Research: /tmp/composer-research/r1-alignment-indices.md (DeepSeek V4 Pro,
2026-05-29).
Decision Drivers
- The loss already requires the indices; the collator must supply them or strict SDPO is unusable (it raises).
- The indices are derivable from masks the collator already computes correctly — no extra tokenizer calls, no new alignment logic.
- The contract must be forward-compatible: if the placeholder trick is ever dropped for dynamic-length alignment, distinct student/teacher indices still describe the alignment.
- Ragged K (different rows have different #error-turn tokens) must be handled without silent padding-token contributions to the JSD.
Considered Options
- A. Derive indices on-the-fly inside the loss from
sdpo_loss_mask— couples the loss to the collator's placeholder implementation detail; rejected. - B. Collator emits explicit
student/teacher_response_idx+*_validmasks, derived from the existing chat-aligned masks (chosen). - C. Drop the index requirement, revert to shape-check — re-opens the P0 the review caught; rejected.
Decision Outcome
Chosen: Option B. The collator emits four new batch keys when SDPO is active:
student_response_idx (B, K_max), teacher_response_idx (B, K_max),
student_response_valid (B, K_max bool), teacher_response_valid (B, K_max bool).

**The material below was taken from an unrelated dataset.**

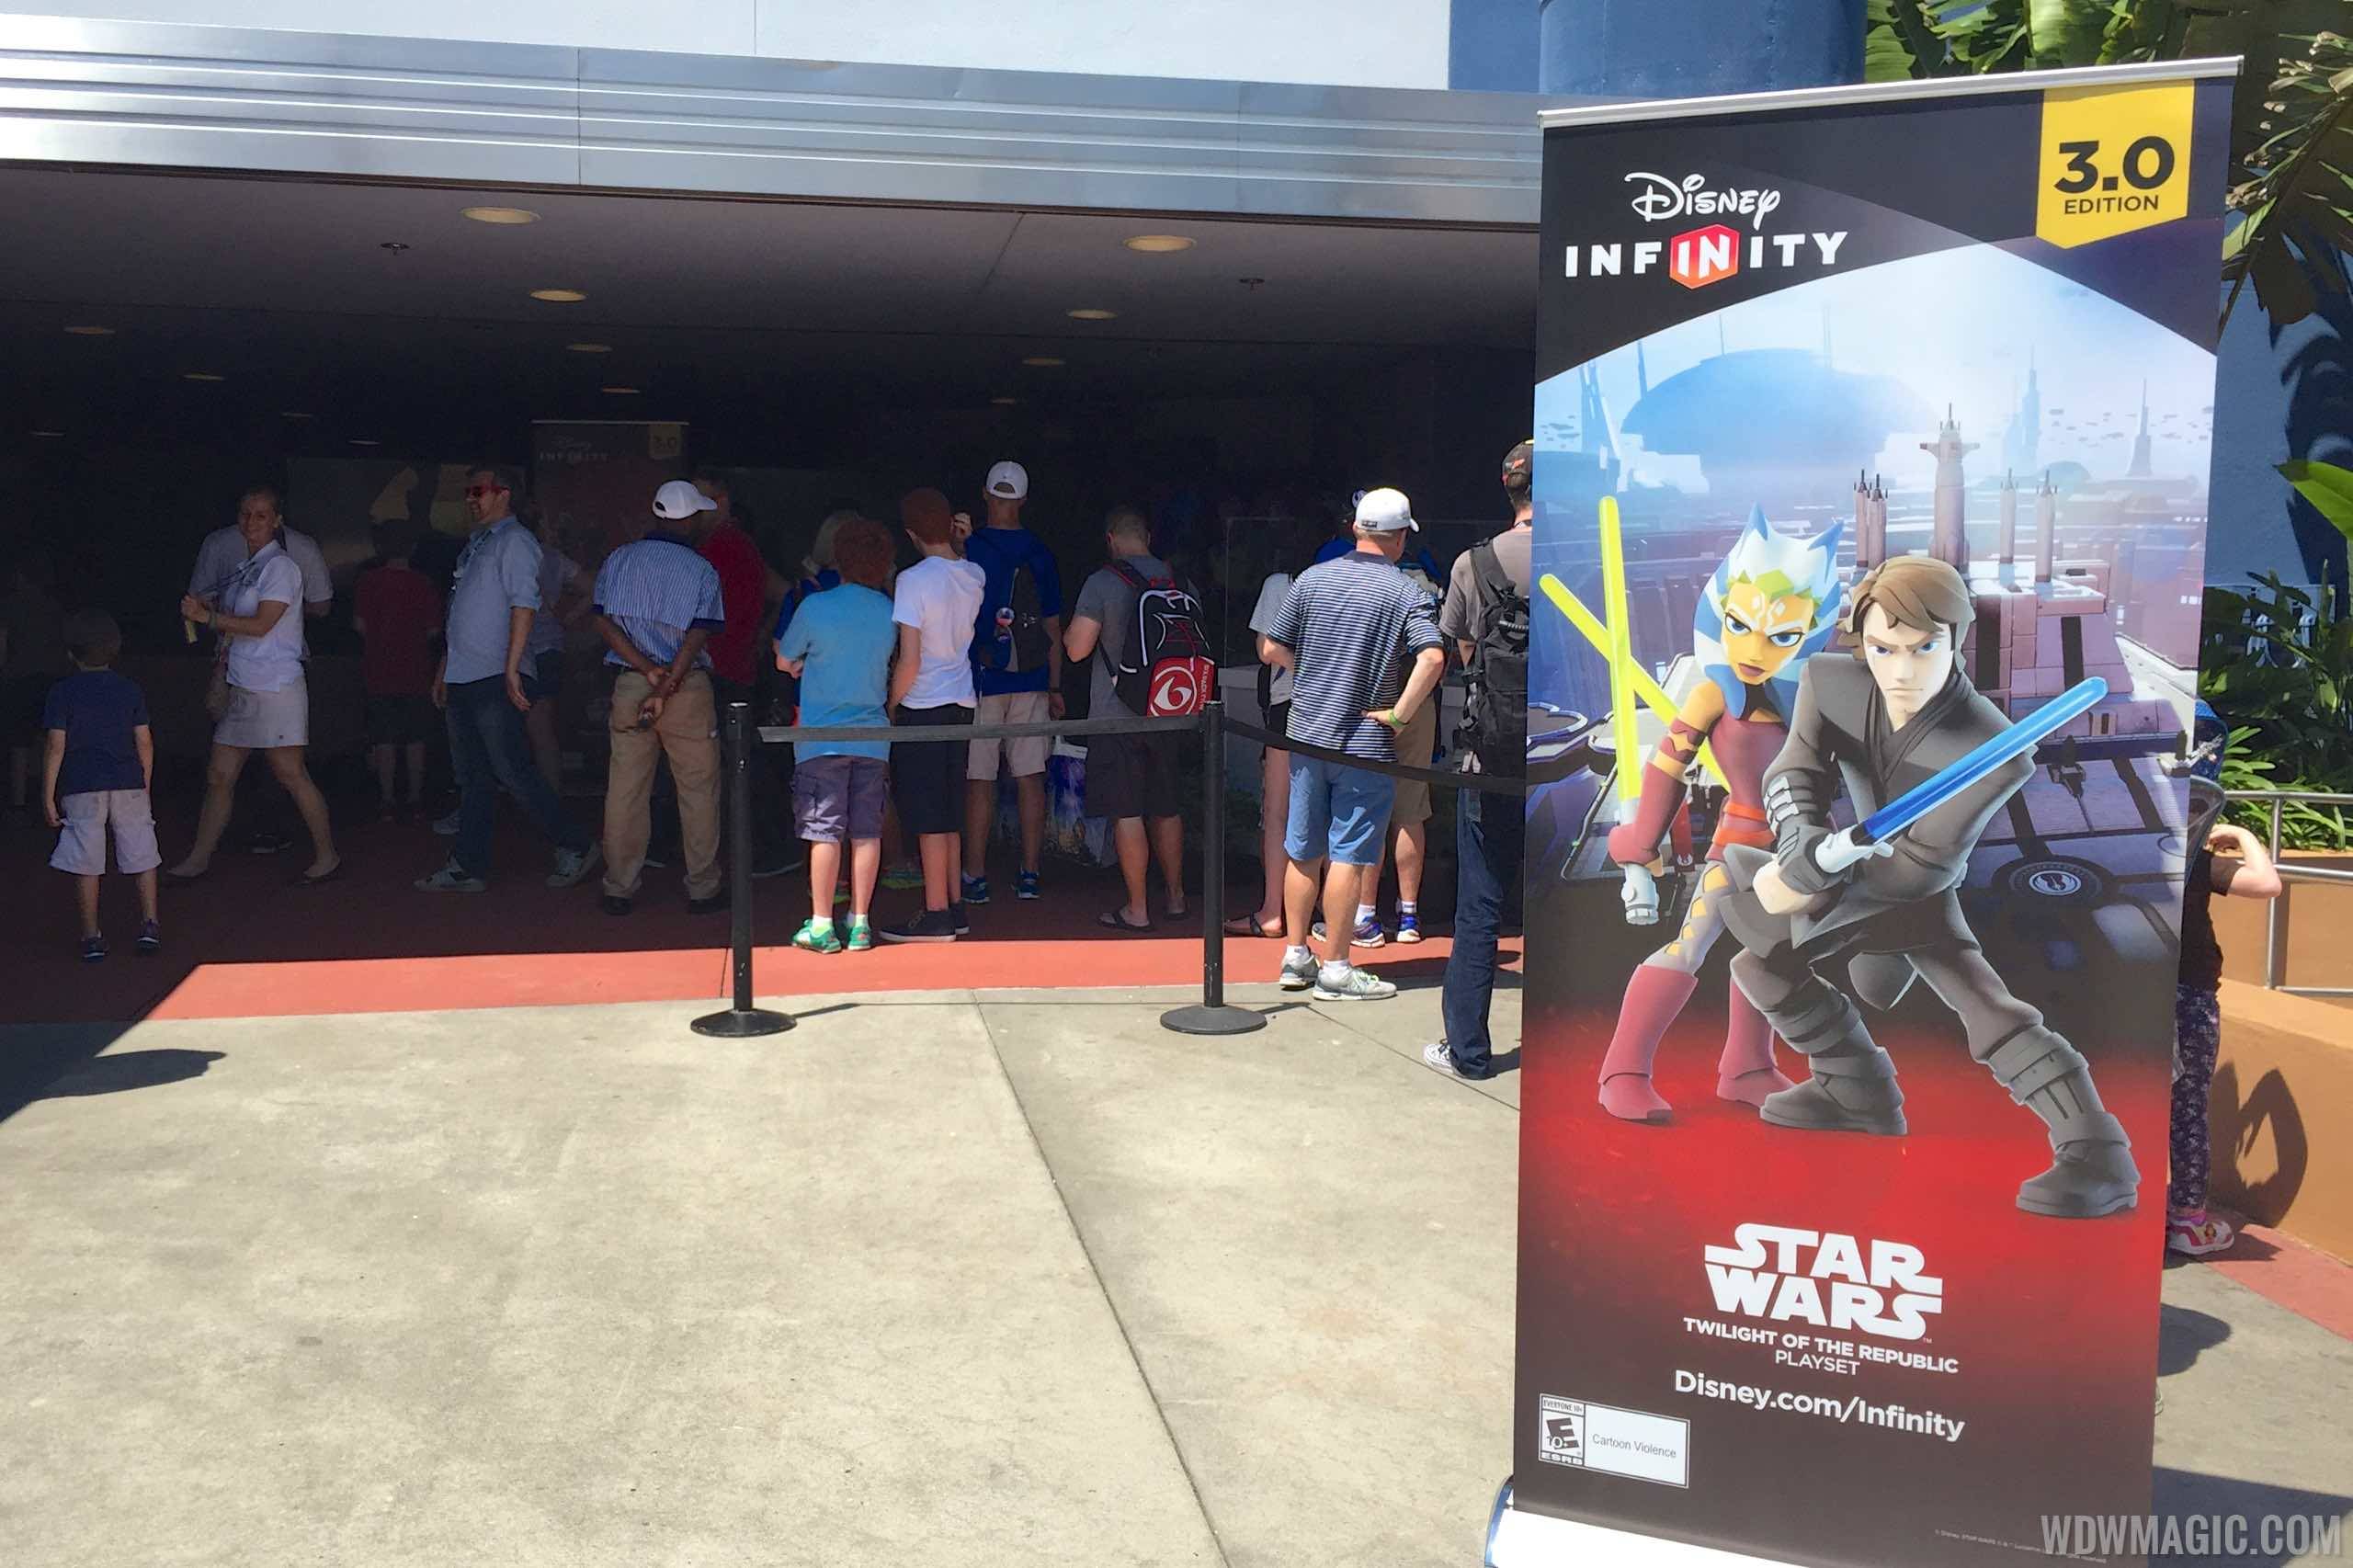 Disney Infinity 3.0 Star Wars preview area
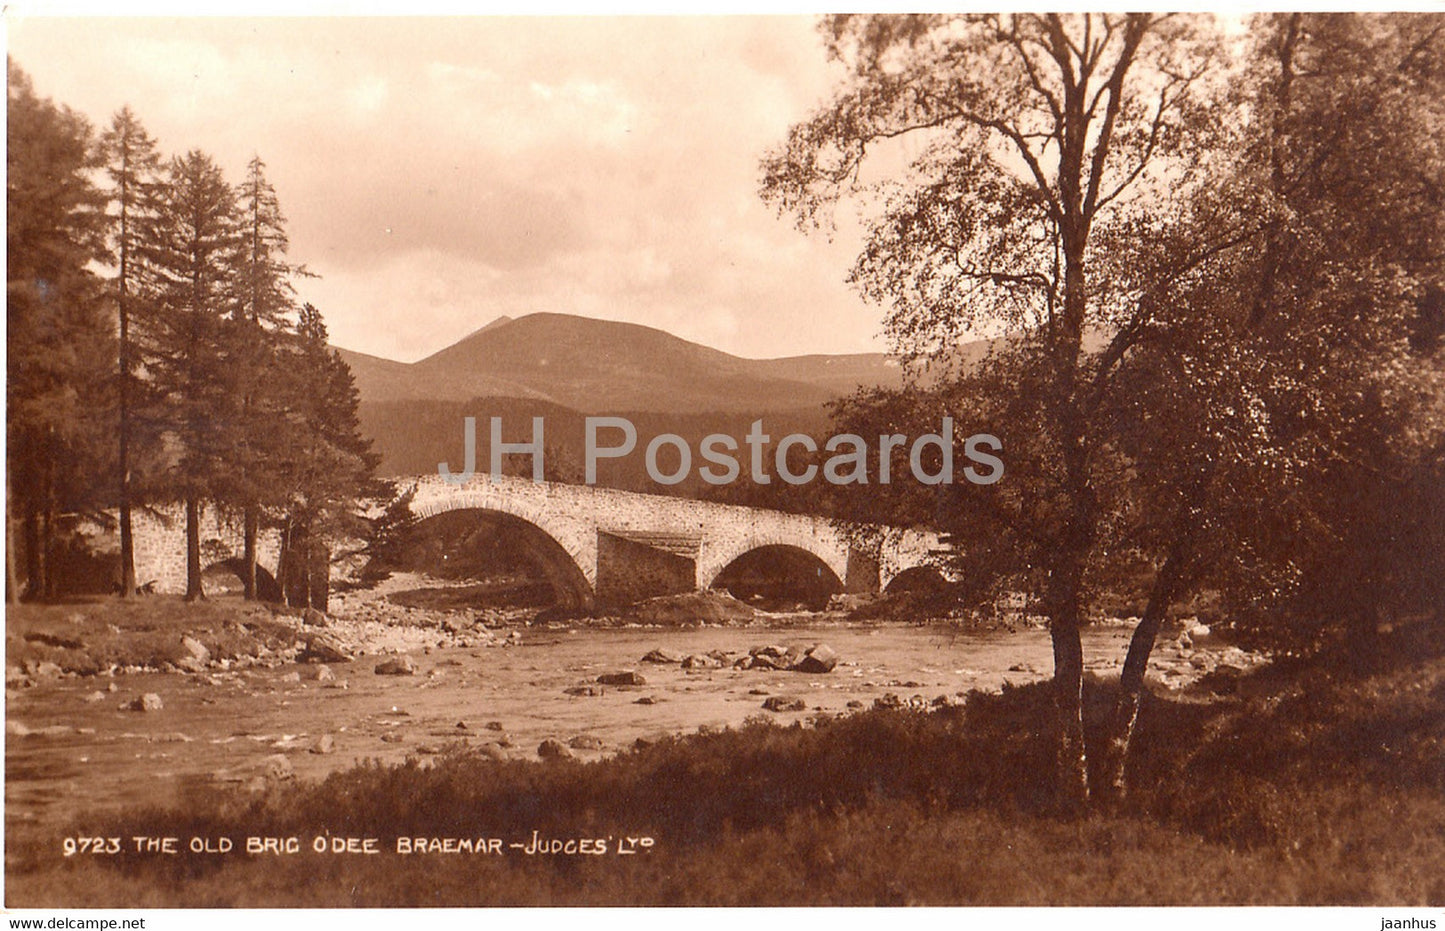 The Old Brig O'Dee Braemar - 9723 - old postcard - Scotland - United Kingdom - unused - JH Postcards

A _mask_to_padded_indices(mask, pad_sentinel=-1) helper converts a (B, T)
response mask to a padded (B, K_max) index tensor + validity mask (sentinel -1
for ragged padding). The loss masks sentinel positions by building an
aligned_labels tensor (1 where valid, -100 elsewhere) passed to
generalized_jsd_loss (which already honors the -100 ignore convention).
Consequences
- Positive: strict SDPO works against the real collator; the silent-misalignment P0 stays closed; no extra forward/tokenizer passes.
- Positive: forward-compatible — distinct indices survive a non-placeholder future.
- Neutral: a debug-mode assertion
(s_idx == t_idx)[valid].all()can verify the placeholder trick is still intact when sequences are same-length. - Negative: +4 batch keys; documented in the collator output contract.
Acceptance gate (must be green before status flips to accepted)
-
_mask_to_padded_indicesimplemented; ragged-K rows pad to K_max with sentinel -1 + a*_validbool tensor. Unit test: 2 rows with K=3 and K=1 → (2, 3) idx with row-1 tail = -1 and valid[1] = [T,F,F]. -
ComposerDataCollator.__call__emits the 4 keys wheneversdpo_loss_mask+response_maskare present. Unit test asserts presence + shapes + thatstudent_response_idx == teacher_response_idxat valid positions for the same-length placeholder path. -
_compute_sdpo_lossmasks sentinels viaaligned_labels(1/-100); a sentinel position contributes 0 to the JSD. Unit test: a 2-row batch with ragged K produces a finite loss and the K=1 row's padding doesn't leak. - End-to-end: real
ComposerDataCollator(with a stub tokenizer + a hint generator) → batch →_compute_sdpo_lossruns in strict mode without raising and returns a finite, positive loss. (This is the regression the ADR closes — it must be a test, not a claim.) - No regression: the existing alignment tests in
test_dr_grpo_config_and_alignment.pystill pass.
More Information
/tmp/composer-research/r1-alignment-indices.md— full design + code sketch.- ADR-008 — the strict-guard fix this ADR completes (amends).
composer_replication/trainer/data_collator.py_build_chat_aligned_mask,_build_aligned_student_for_sdpo.